Суть импрессионистического произведения — «передать мир чувств, заставить читателя проникнуться настроением героя, заставить его своими глазами увидеть игру света, услышать симфонию звуков, ощутить дуновение ветра» [4, c.227]. Эти задачи определяют своеобразную композицию импрессионистических романов, «в основе которой не передача событий и основных закономерностей, а воспроизведение потока их (героев) чувств, переживаний, эмоций. Отсюда — та своеобразная форма внутренних монологов, импрессионистическая манера в описании окружающей их обстановки и пейзажа. Целью здесь становится передача движения времени с помощью текучей и музыкальной прозы» [4, c.233]. Такие особенности романов выдвигают на первый план прием потока сознания, который максимально создаёт впечатление, что читатель как бы «подслушивает» его в сознании персонажей. Это даёт читателю прямой интимный доступ в мысли героев, создавая ощущение иллюзии реальности; по словам Форда М. Форда, самое главное, что может сделать писатель — это воссоздать иллюзию реальности: «любое импрессионистическое произведение является хроникой мгновенного впечатления; это не … откомментированный пересказ ряда событий — это иллюзия реальности» [5, с. 100]. Поэтому прием потока сознания становится основным в импрессионистических произведениях.

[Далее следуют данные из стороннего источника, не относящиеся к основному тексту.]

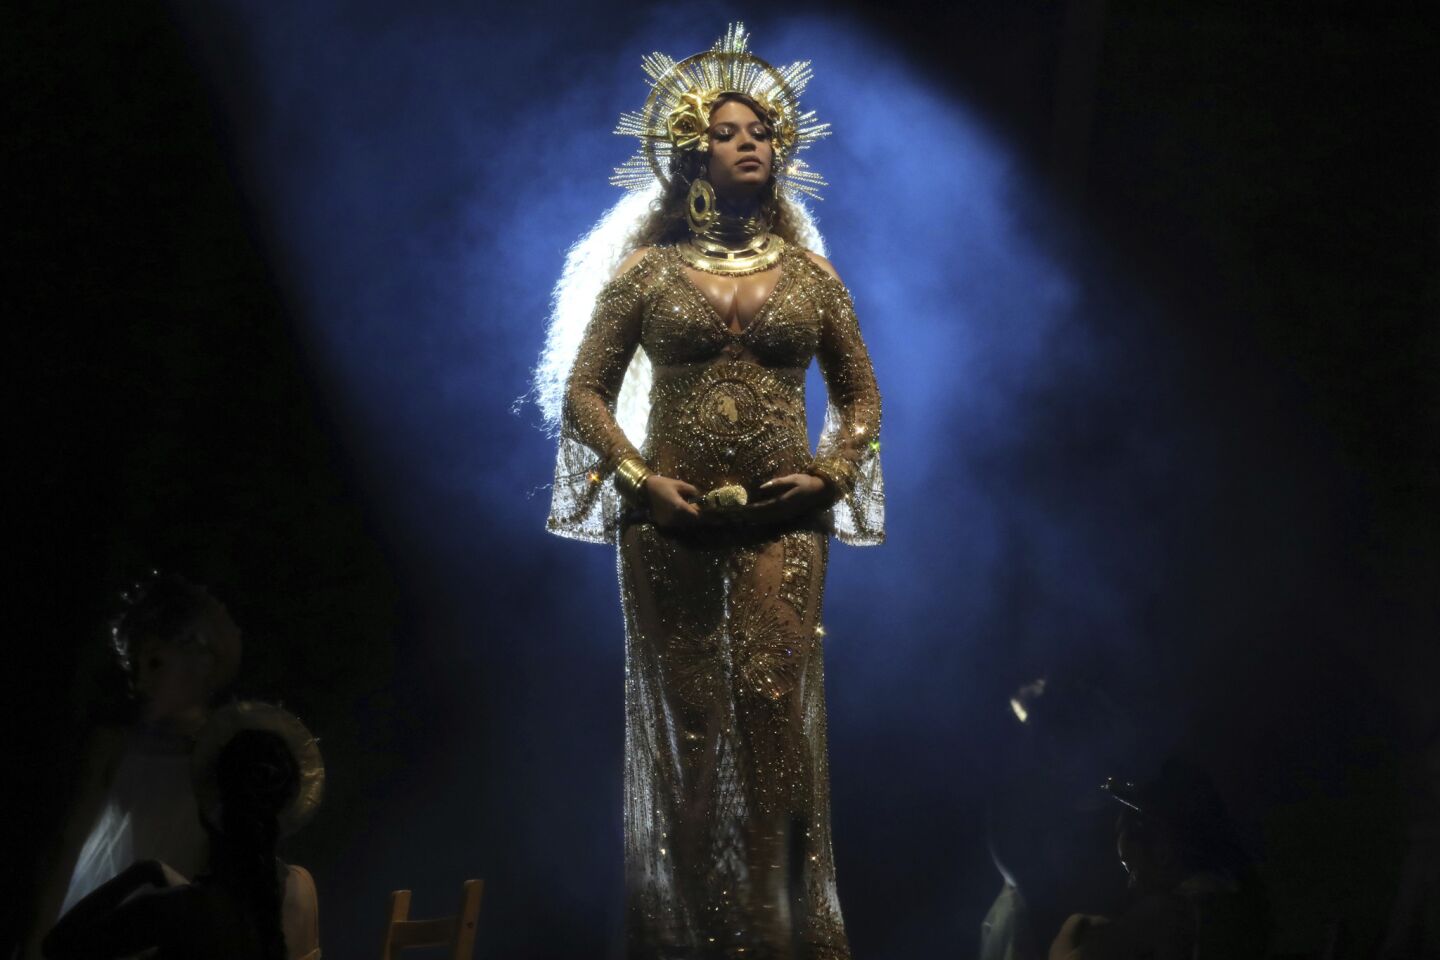 Beyoncé at the Grammys 2017
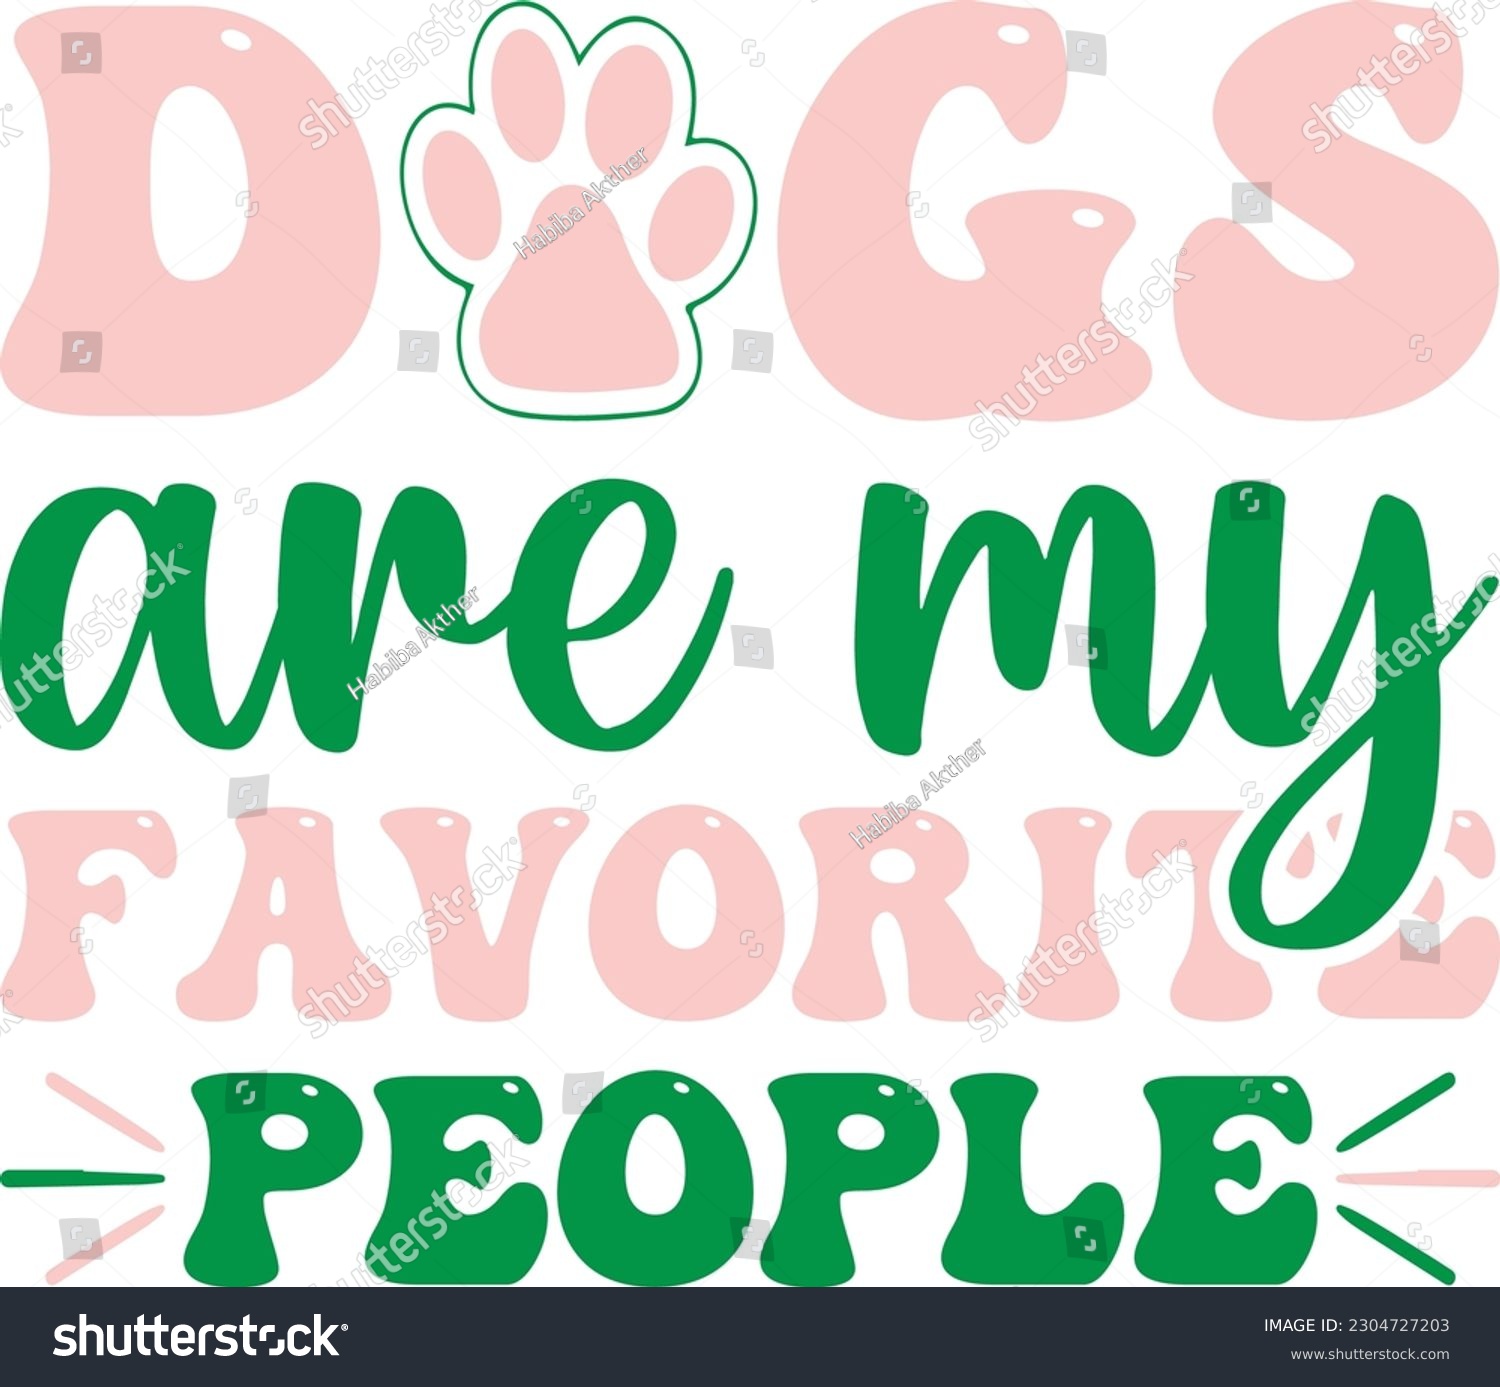 SVG of Dogs are my favorite people,Dog mom,Puppy Love,Dog Mom Svg,Dog SVG,Silhouette,Dog Owner Svg, Funny Svg, Fur Mom Shirt Svg,Wine,Dog Mama,Dog Heart,Dog Paw,Eps,Labrador Svg,Pet Svg,Vector, svg

Сам термин «поток сознания» (Stream of consciousness) был введён в психологию (и литературу) американским философом Уильямом Джеймсом. Джеймс употребил понятие «поток сознания» применительно к человеческому мышлению и подробно исследовал мыслительные процессы. Поток сознания — это приём, благодаря которому читатель как бы подслушивает мысли героев, незаметно проникает в их сознание. Джеймс писал, что нельзя непосредственный поток сознания назвать, например, цепью сознания, ведь лексическое значение слова «цепь» — «ряд металлических звеньев, продетых последовательно одно в другое (употребляется для связи, подъема и т. п.)» (Малый Академический словарь). Наши же мысли не текут последовательно, а хаотично перескакивает с одного предмета на другой, поэтому более удачным и оправданным оказалось слово «поток». Если постараться объяснить эту метафору, наши мысли стремительно бегут в каком-то направлении, «перепрыгивая» с одного предмета на другой. Хрестоматийным примером потока сознания в русской литературе стал монолог Анны Карениной в финале одноимённого романа. Но у Л. Н. Толстого этот приём — скорее случайная находка, один из путей поиска формы. В творчестве же Вирджинии Вулф приём этот разрабатывался широко и, на наш взгляд, всесторонне.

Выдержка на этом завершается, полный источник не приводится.